Donald Trump has long maintained that he has absolute immunity from being prosecuted for any and all crimes he is alleged to have committed while serving as president of the United States. On Tuesday, that dubious proposition was put to the test when three appellate court judges presided over oral arguments in the case of “The United States of America v. Donald J. Trump.” I attended the court hearing in the United States Court of Appeals for the D.C. Circuit and watched, with significant satisfaction, as three judges clearly signaled, through their questions of counsel, that nothing in our Constitution, our laws or our democratic system of government places an American president above the law.
All three judges — Karen LeCraft Henderson, J. Michelle Childs, and Florence Pan — were extremely skeptical of the arguments made by Trump lawyer John Sauer. There were so many … unusual claims made by Sauer that it’s hard to know which was the most outlandish. But as I’ve reflected on the totality of his presentation — designed to persuade the court that it’s in our nation’s interest to allow a president to commit crimes with near-absolute immunity — I want to focus on the central contention on which the presidential-immunity argument rises or falls: the meaning of the Impeachment Judgments clause.
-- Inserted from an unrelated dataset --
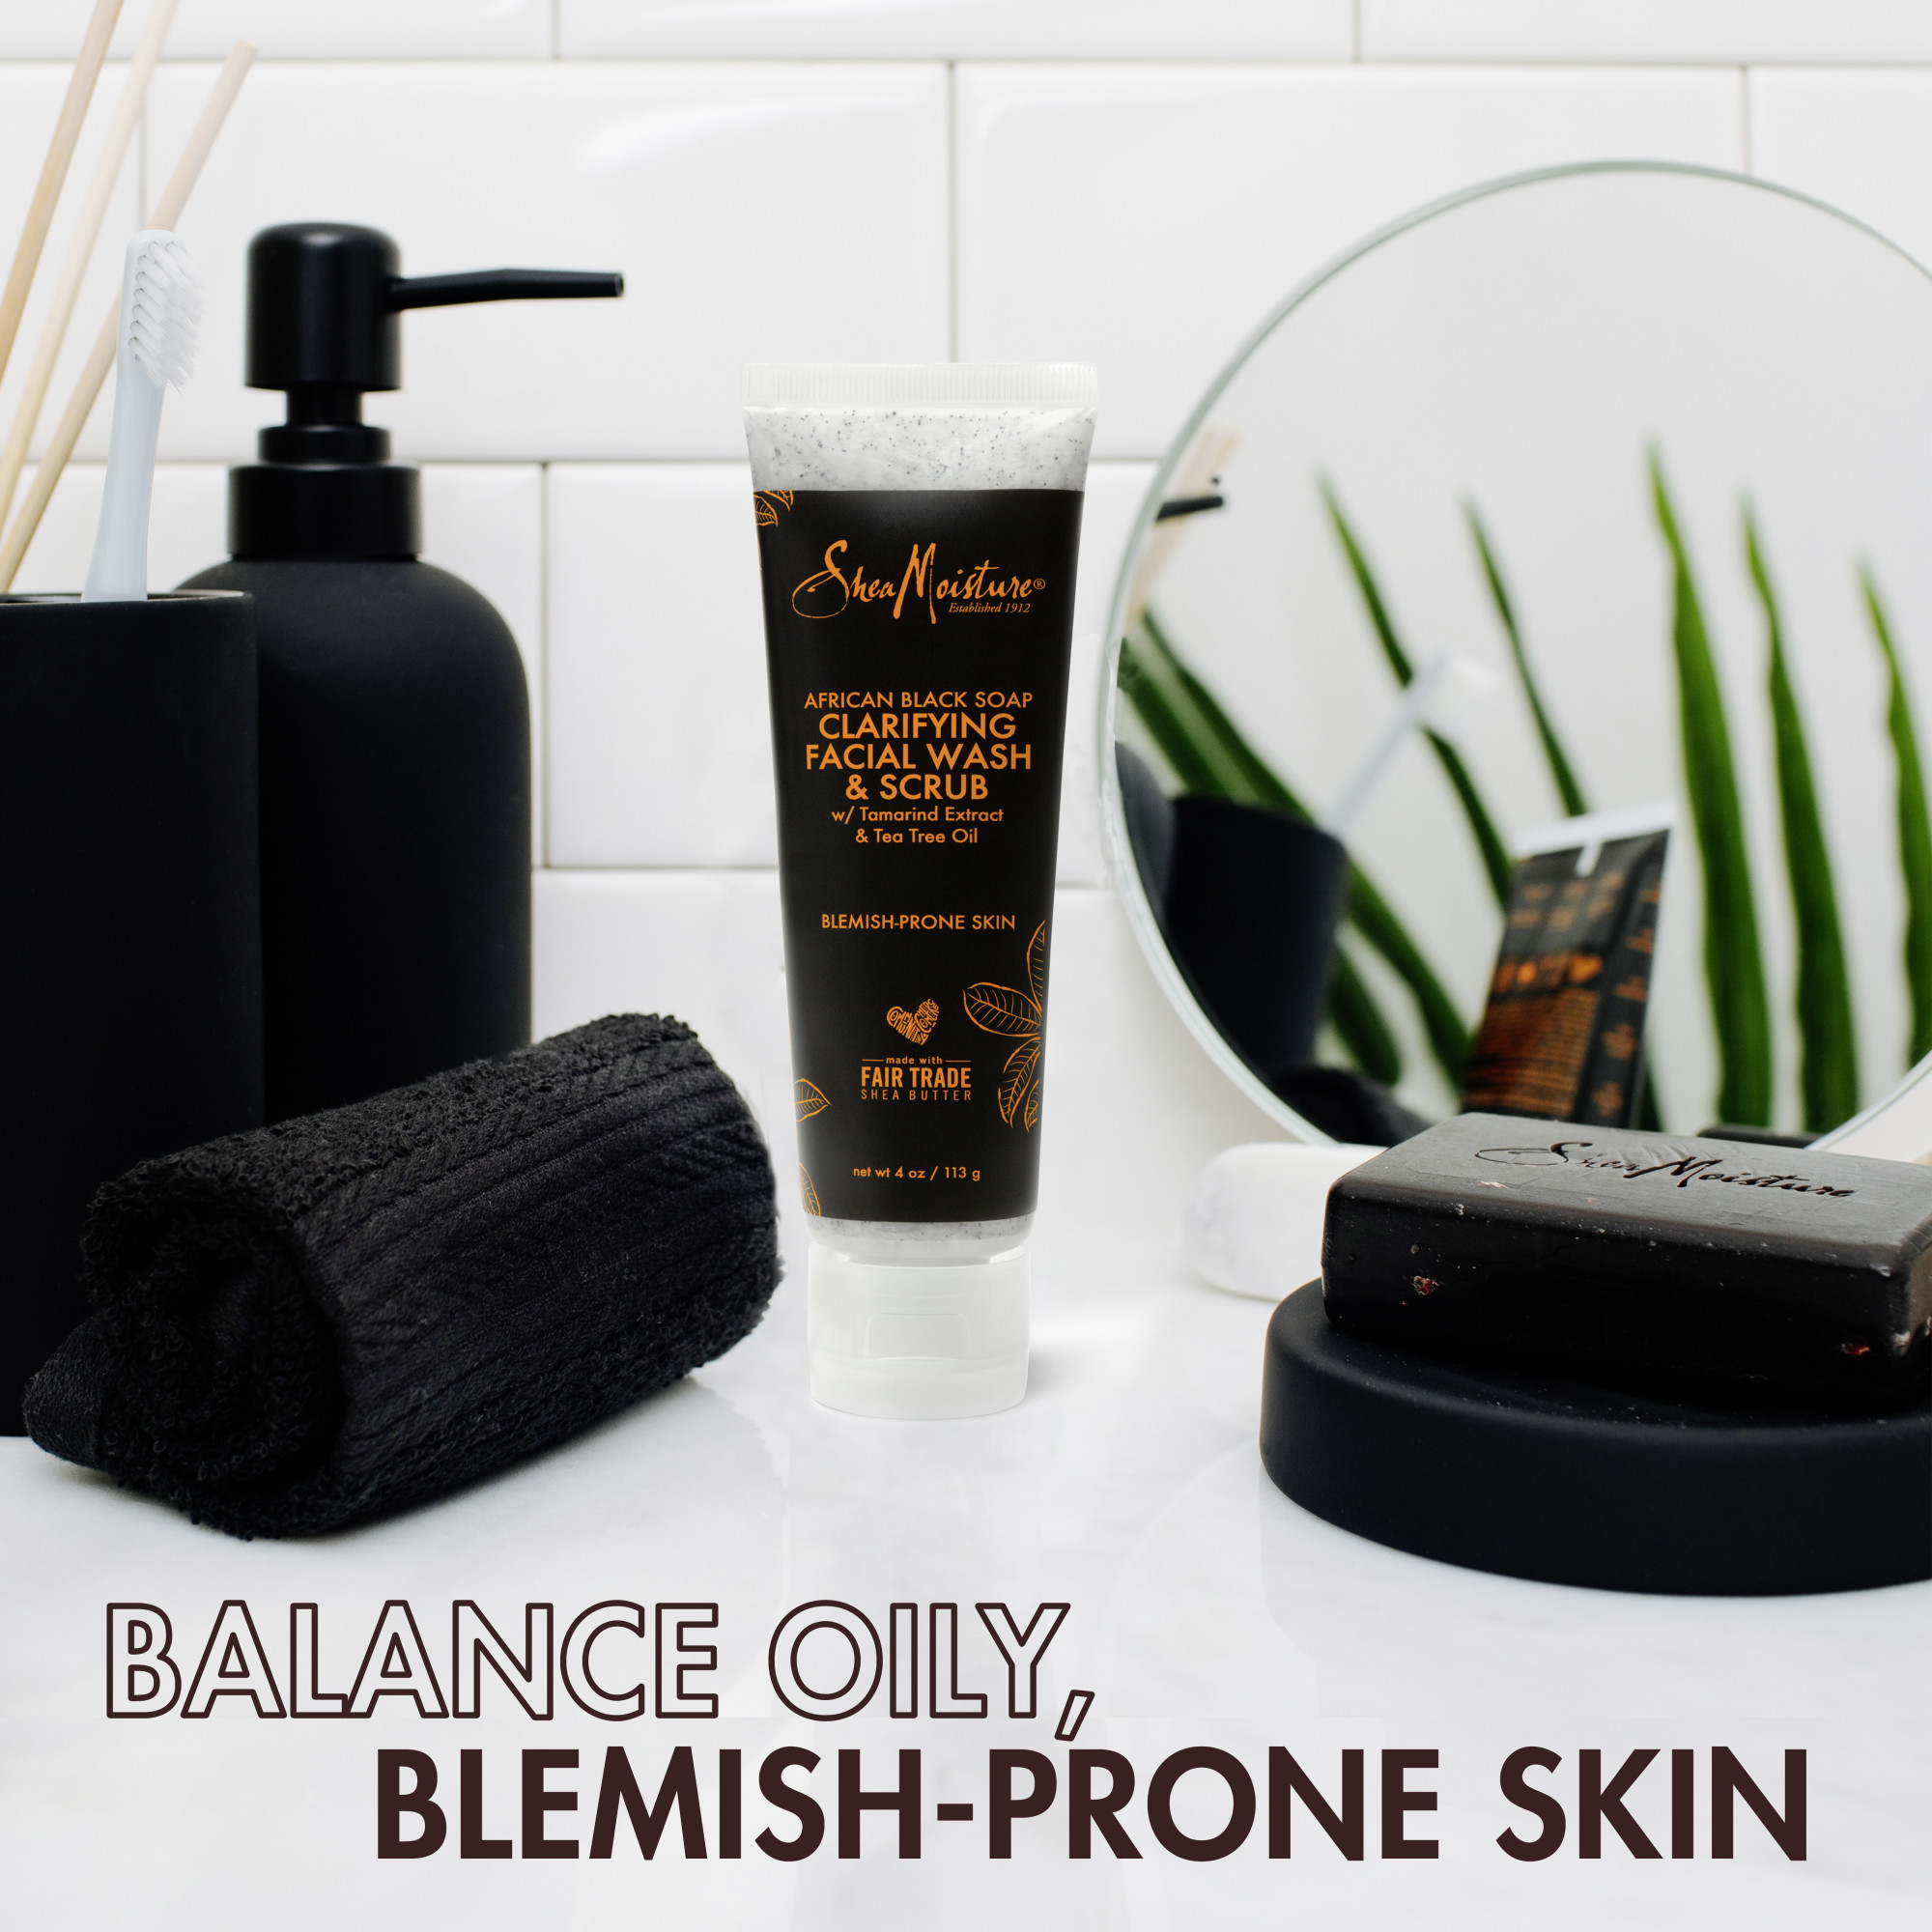 SheaMoisture African Black Soap Clarifying Facial Wash & Scrub, 4 oz - image 2 of 12

Sauer apparently decided he could rewrite that portion of the Constitution, and urged the judges to adopt what he’d like the Constitution to say.
That clause reads as follows:
“Judgment in Cases of Impeachment shall not extend further than to removal from Office, and disqualification to hold and enjoy any Office of honor, Trust or Profit under the United States: but the Party convicted shall nevertheless be liable and subject to Indictment, Trial, Judgment and Punishment, according to Law.”
In layman’s terms, this means that even if the House of Representatives impeaches a president and the Senate convicts at his impeachment trial, the president can…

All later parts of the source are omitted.